# [AIM OF THE TASK]
Every line below needs to be transcribed without alteration, and no image may be carried over.

# [MATERIAL PROVIDED]
════════

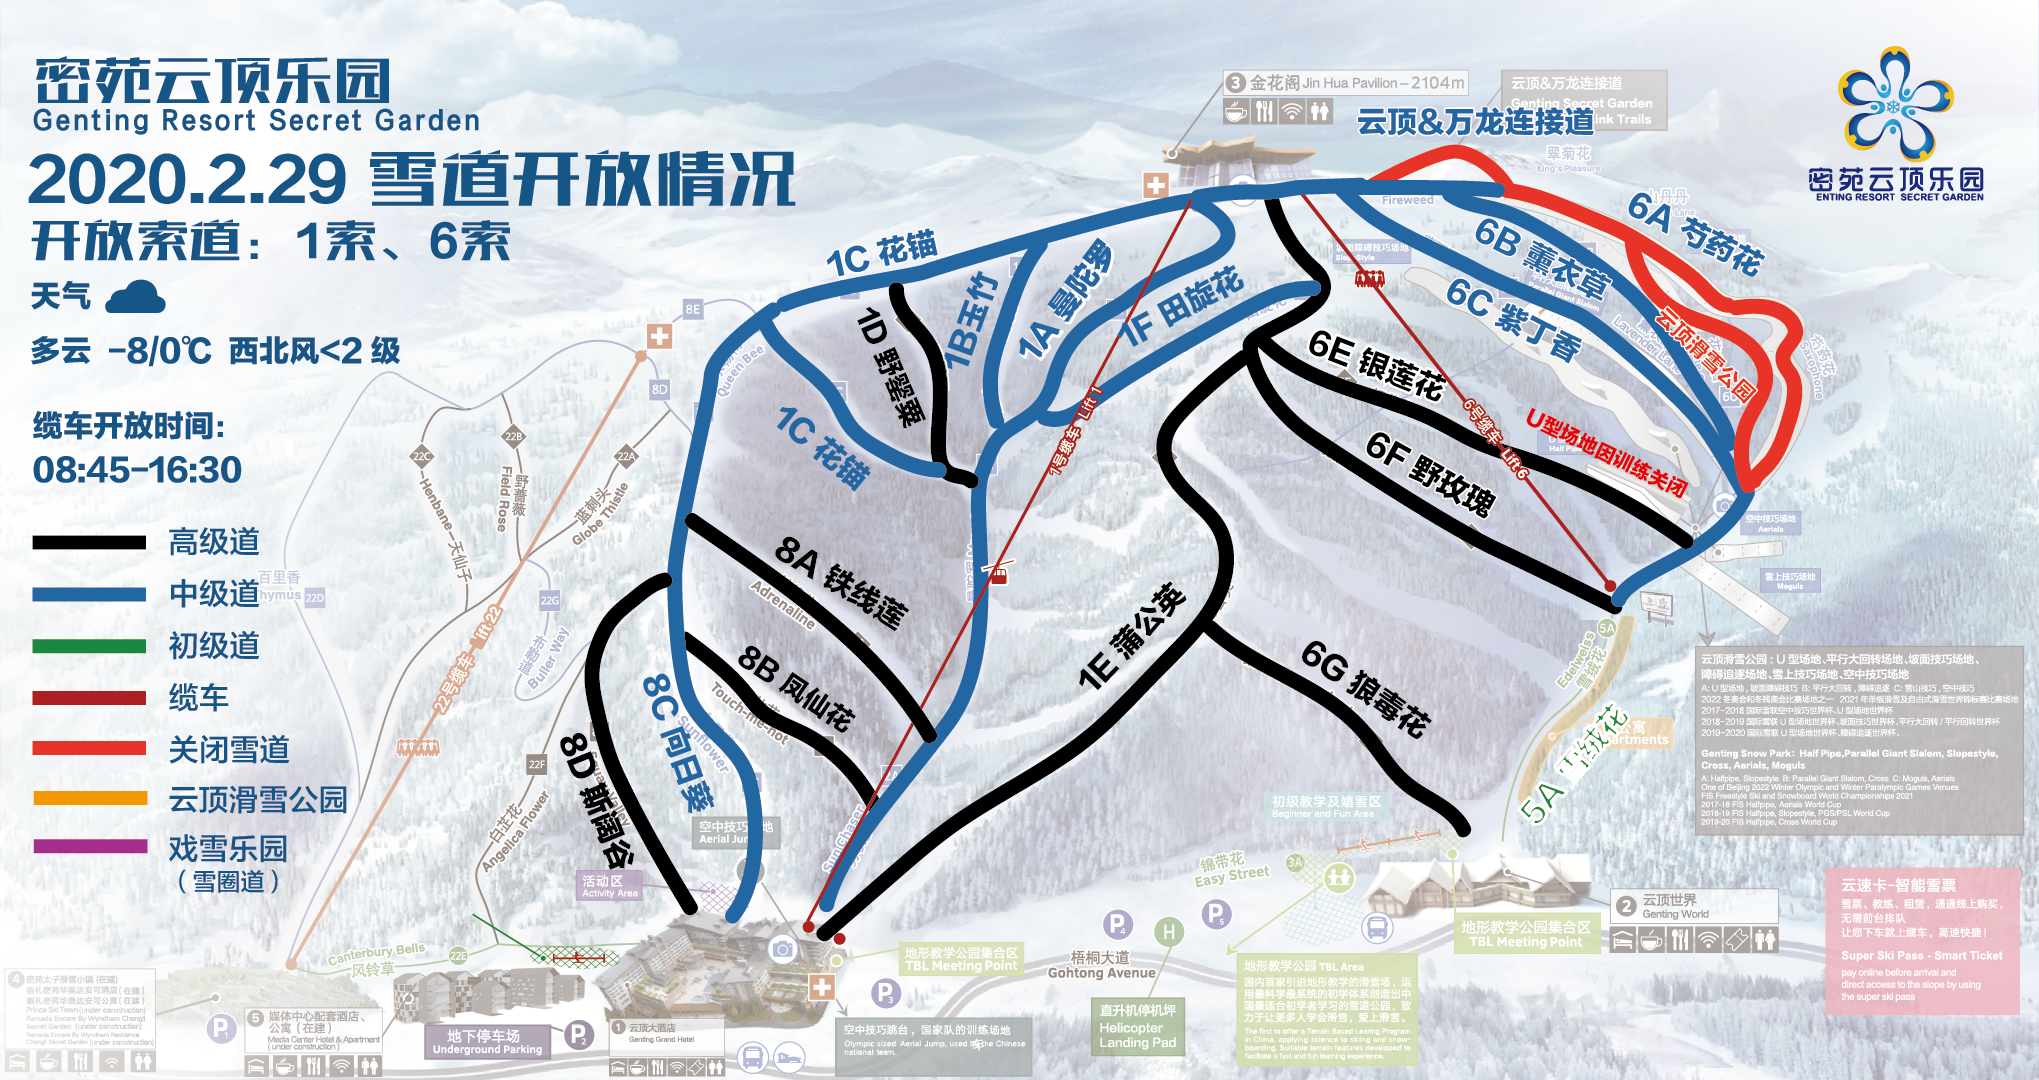 崇礼云顶滑雪场2月28日复业开放 采取实名预约制滑雪
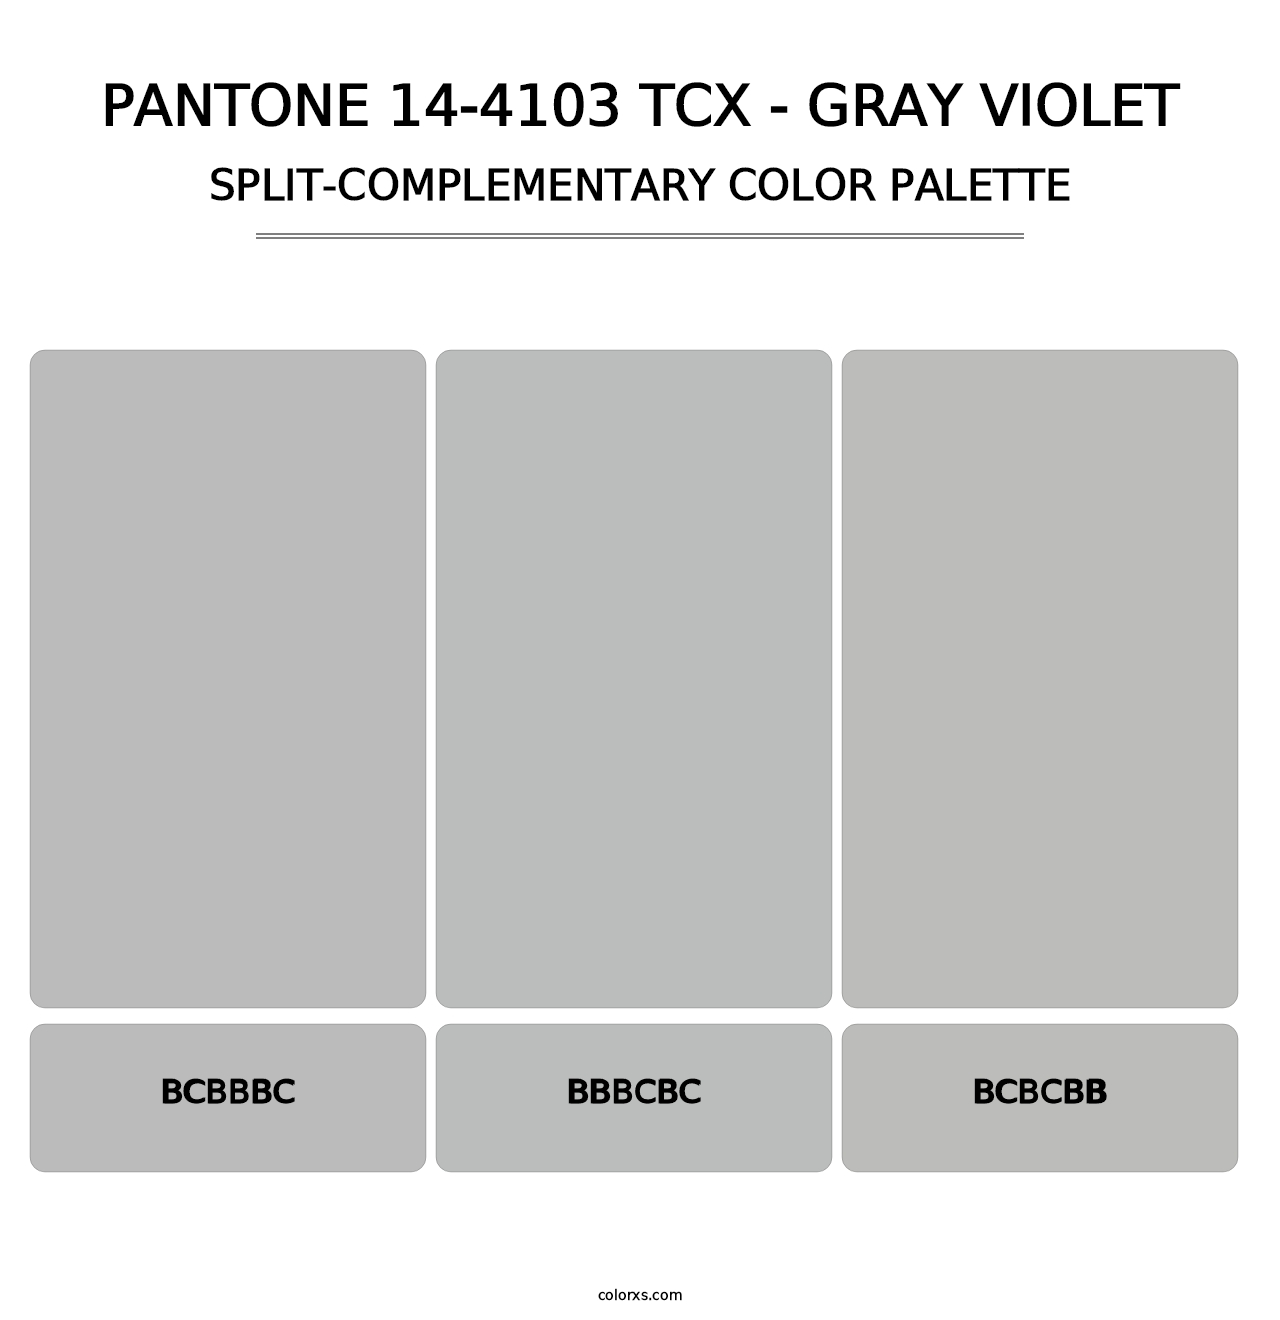 PANTONE 14-4103 TCX - Gray Violet - Split-Complementary Color Palette
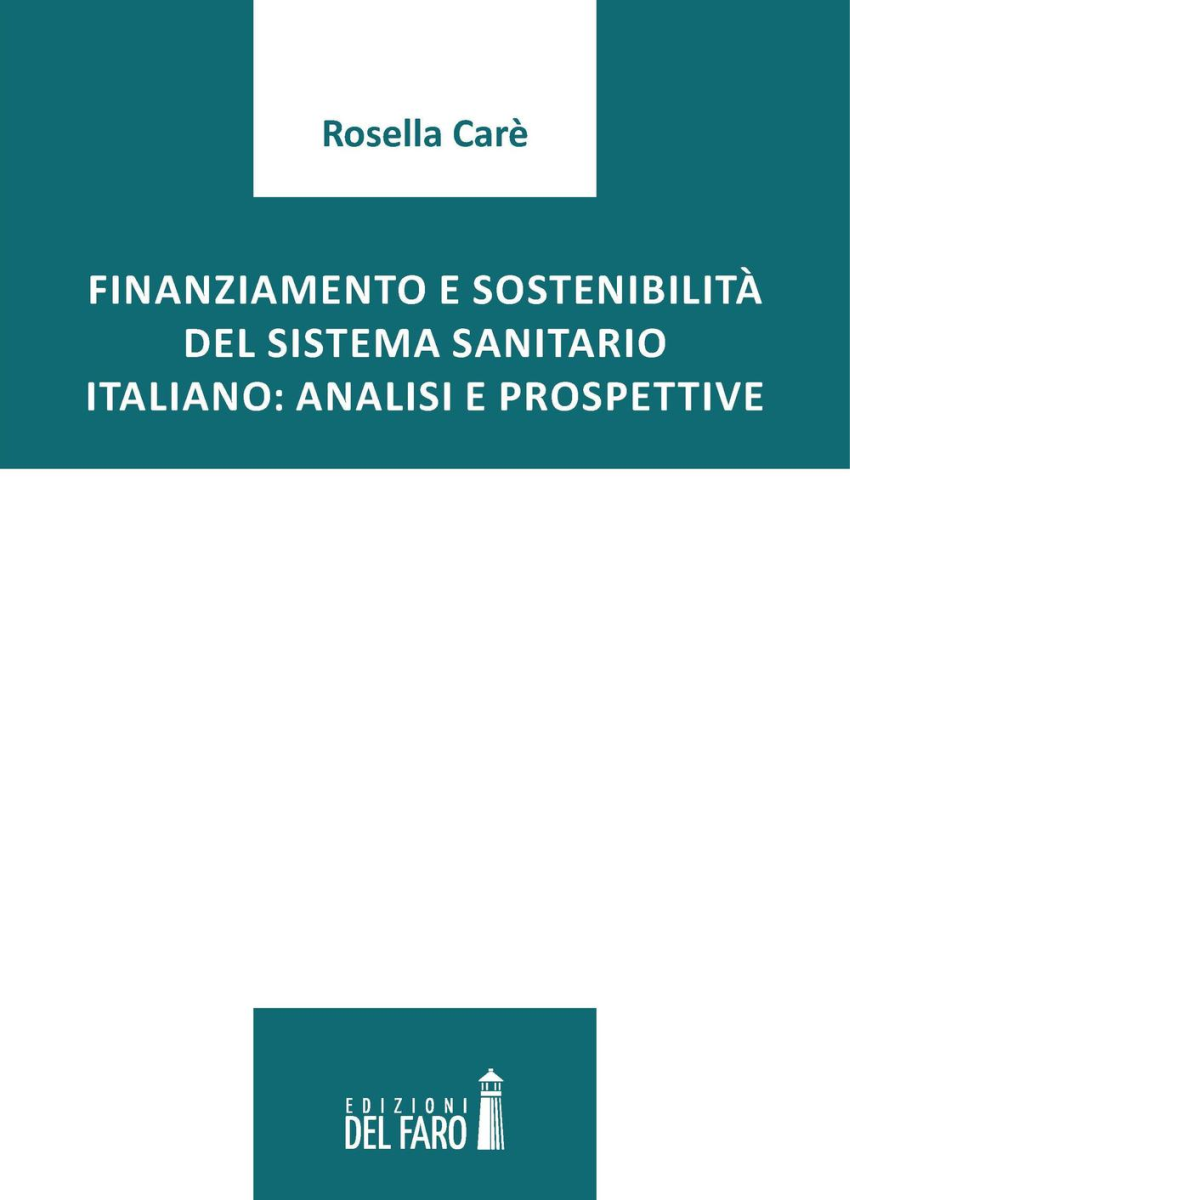 Finanziamento e sostenibilit? del sistema sanitario italiano - 2016

════════

# [ANSWER TO THE PROBLEM]
 崇礼云顶滑雪场2月28日复业开放 采取实名预约制滑雪
 PANTONE 14-4103 TCX - Gray Violet - Split-Complementary Color Palette
 Finanziamento e sostenibilit? del sistema sanitario italiano - 2016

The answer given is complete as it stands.